グイン・サーガ(1)

グイン・サーガ 1―早川書房刊「グイン・サーガ」シリーズより (CR COMICS)

グイン・サーガ 1―早川書房刊「グイン・サーガ」シリーズより (CR COMICS)

原作に思いいれがある作品の「別メディア化」は大抵「腑に落ちない」ということが多いのですが*1、あの「クソ長い(失礼)」グインを、どうマンガ化するのか? と若干サド的な観点と、かつ同時にマゾ的な心持で購入。


帯に「栗本薫 絶賛!!」とあるけど、まぁ「帯」に、「イマイチ」というわけにも行かないわな。それに、コメントは褒めてはいない→

この物語は「川」です。一緒にどこまでも流れていって下さい

うむ。
作品の出来云々についてはココで気付くべきなのですが、文句を言いたいS的観点と、文句を言うに違いないのに買ってしまうM的観点が相まって購入。


で、読んでみた。

薄い!!! 薄すぎる!!! 


「絵のない文字ベースの(あるいは絵はあるけどスゴイ重厚な挿絵)作品の)マンガ化という「ハンデ」があるにせよ「絵が薄い」。なんかグインの頭もカラダも変。
私のグインの脳内イメージは「過去の作品の挿絵」と「来留間慎一(現・秋恭摩)氏」のデビュー作?のバトルロイヤル・ハイスクール(魔人(神)伝の前身)のアレなのですが、それに比べても薄い…。
絵をすでに「そう感じてしまっている」ので、台詞もなんか上滑りになっちゃうし…


あと「話が薄い」
…ああと、でも、コレは「マンガという表現方法と小説との違い」もあるし…。

例:リンダとレムスを救うためのグインの最初の乱闘シーンに際し、リンダが「なんて神々しい…」とかいうんだけど、それまでグインは素手で敵兵の足もって振り回して他の敵兵をなぎたおしてたり、敵兵の剣をうばって、南斗水鳥拳バリに敵をスライスしてたりするのですよ。

小説であれば「リアルタイム的には「事実(無残な敵兵とリンダが同じ空間・時間にいる)」であってもある程度描写(行数)を加えることで、グインは強い、という印象だけ残して、リンダの感想につなげることが出来る」のですが、マンガで妙に「そのシーンをリアルタイムで描こうとする」と、「なんだかこっけいな構成」になってしまうのではないかと。(あとは今風の文脈で「スゴイ」ってなったときにグロ・残酷性も求められている、と(作者なり編集部なりが)判断したのかもしれませんが)

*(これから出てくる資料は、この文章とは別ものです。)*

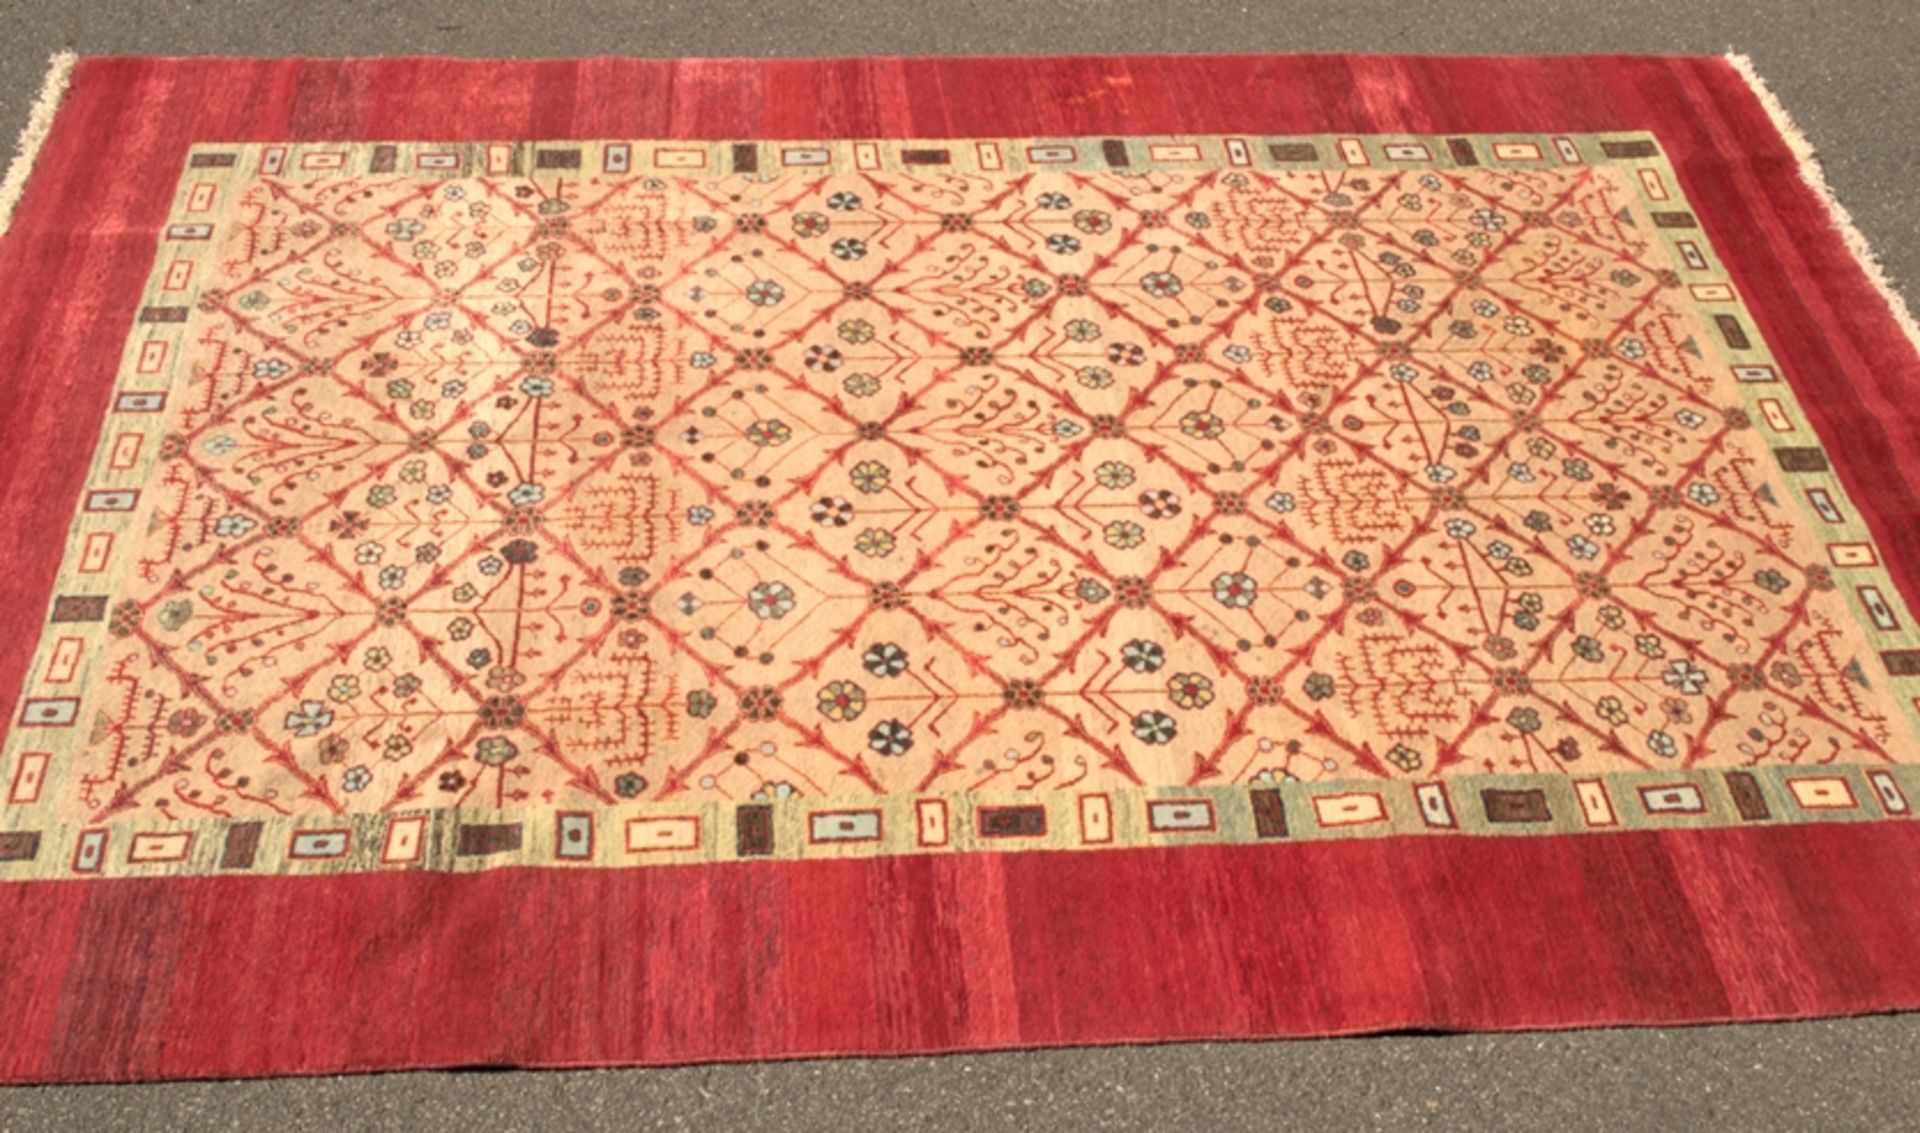 Moderner Gabbeh - Teppich, Wolle. ca. 188 x 270 cm. Guter gebrauchter, ungereinigter Erhalt. 20./ - Bild 6 aus 9
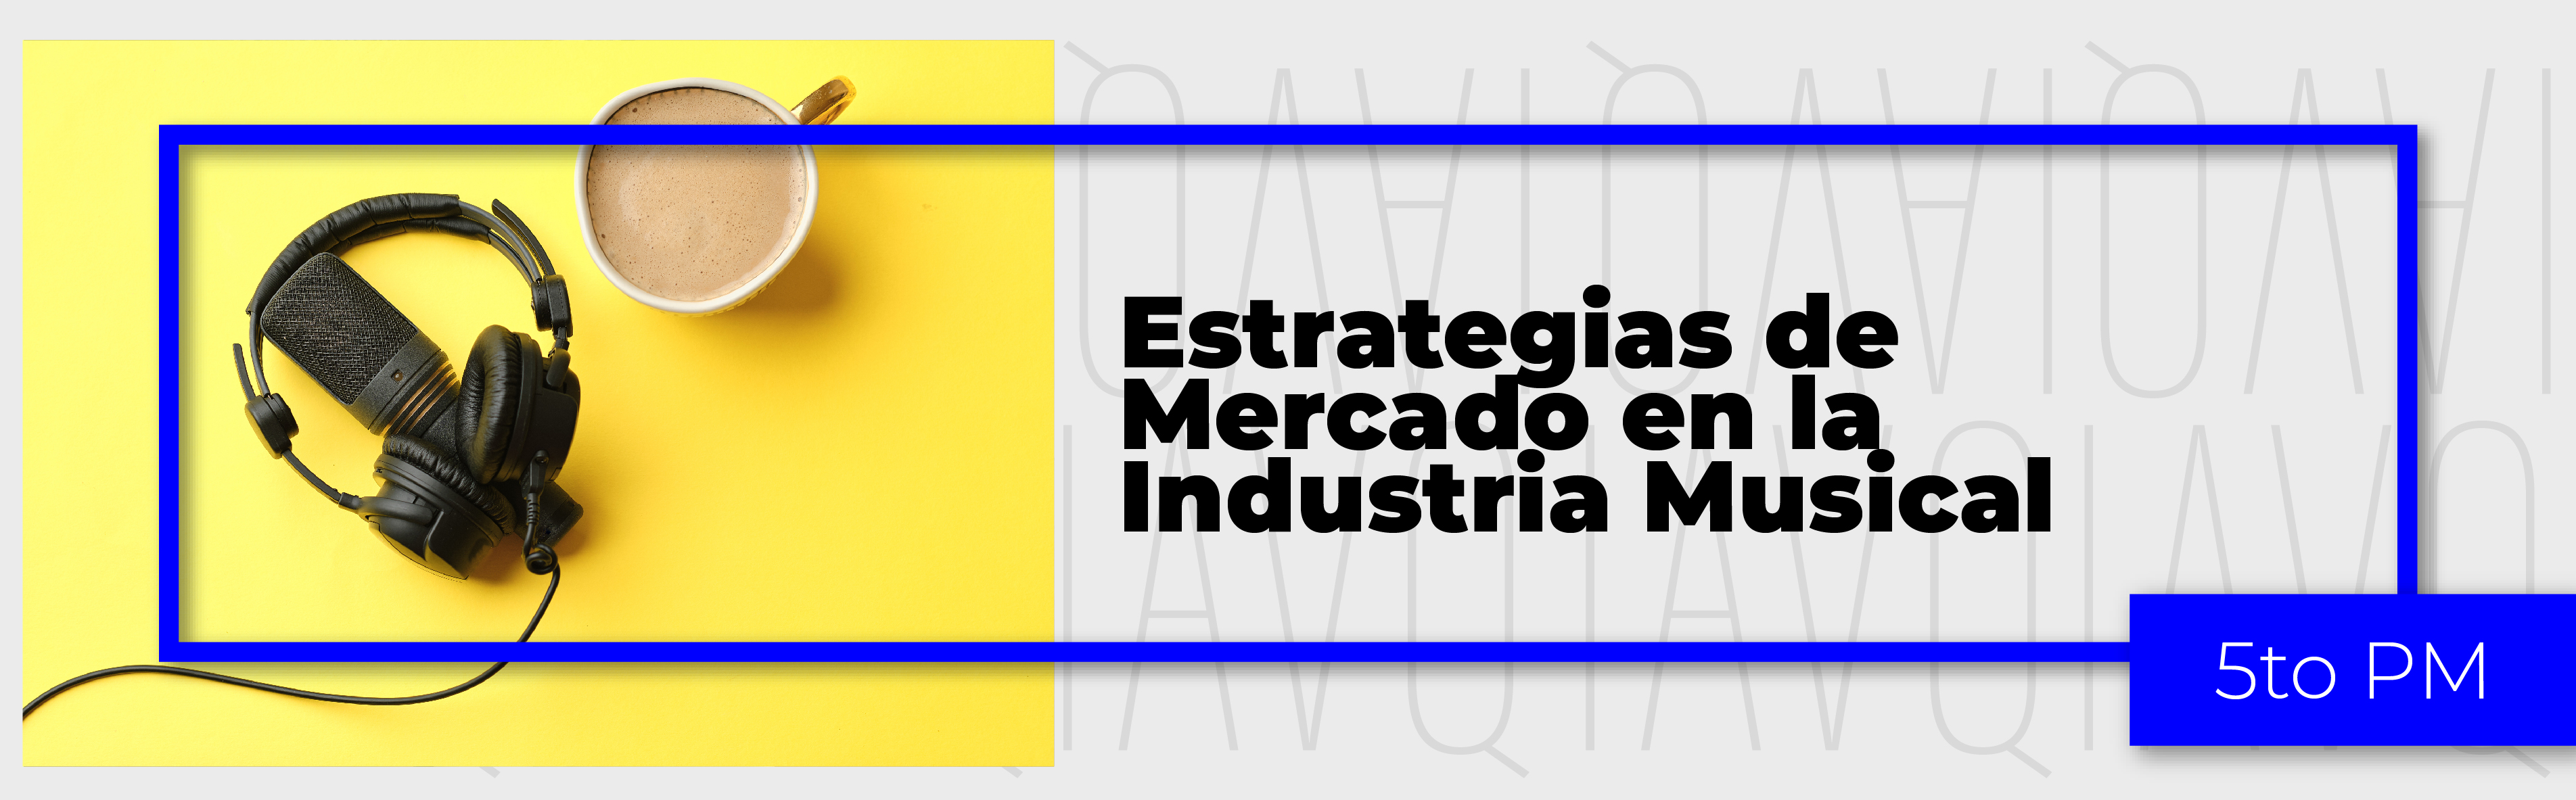 PA_24-24_PM_S_4_Estrategias_de_Mercado_en_la_Industria_Musical

あと、栗本氏が「語りすぎる」傾向もある(重厚な語り+長々モノローグ)ので、これはこれでしょうがないか。

うーん、イシュトもなんだか中途半端だし、アムネリスも…(でも、これから先、徐々に顔つきが変わっていくというのもアリといえばアリか)


そして!!! スニが「猿っぽい人間」!!!なんだかこれもなぁ。もちっと「ほとんど猿」というイメージだったのですが、これだと「あわよくばサルの女人化で萌えファン狙い」ともいえなくもない感じ。あ、でもやっぱ猿っぽいかw 目の辺りとか

毒島獣太のコミカライズの際のヒルコもそうでしたが、この手の「現在の社会に存在しない状態を表現する」場合、文字だけ媒体だとイメージさせるために「直接的な比喩」が入ってイメージを共有させるけど、マンガ(絵+文字)の場合は直接的に伝えられるから「手心(調整)」が加わる、ということか?

まぁ、スニはさして重要ではないので、ココまで語らんでもいいのですがw

それにしても、まぁ、2巻購入はないな…。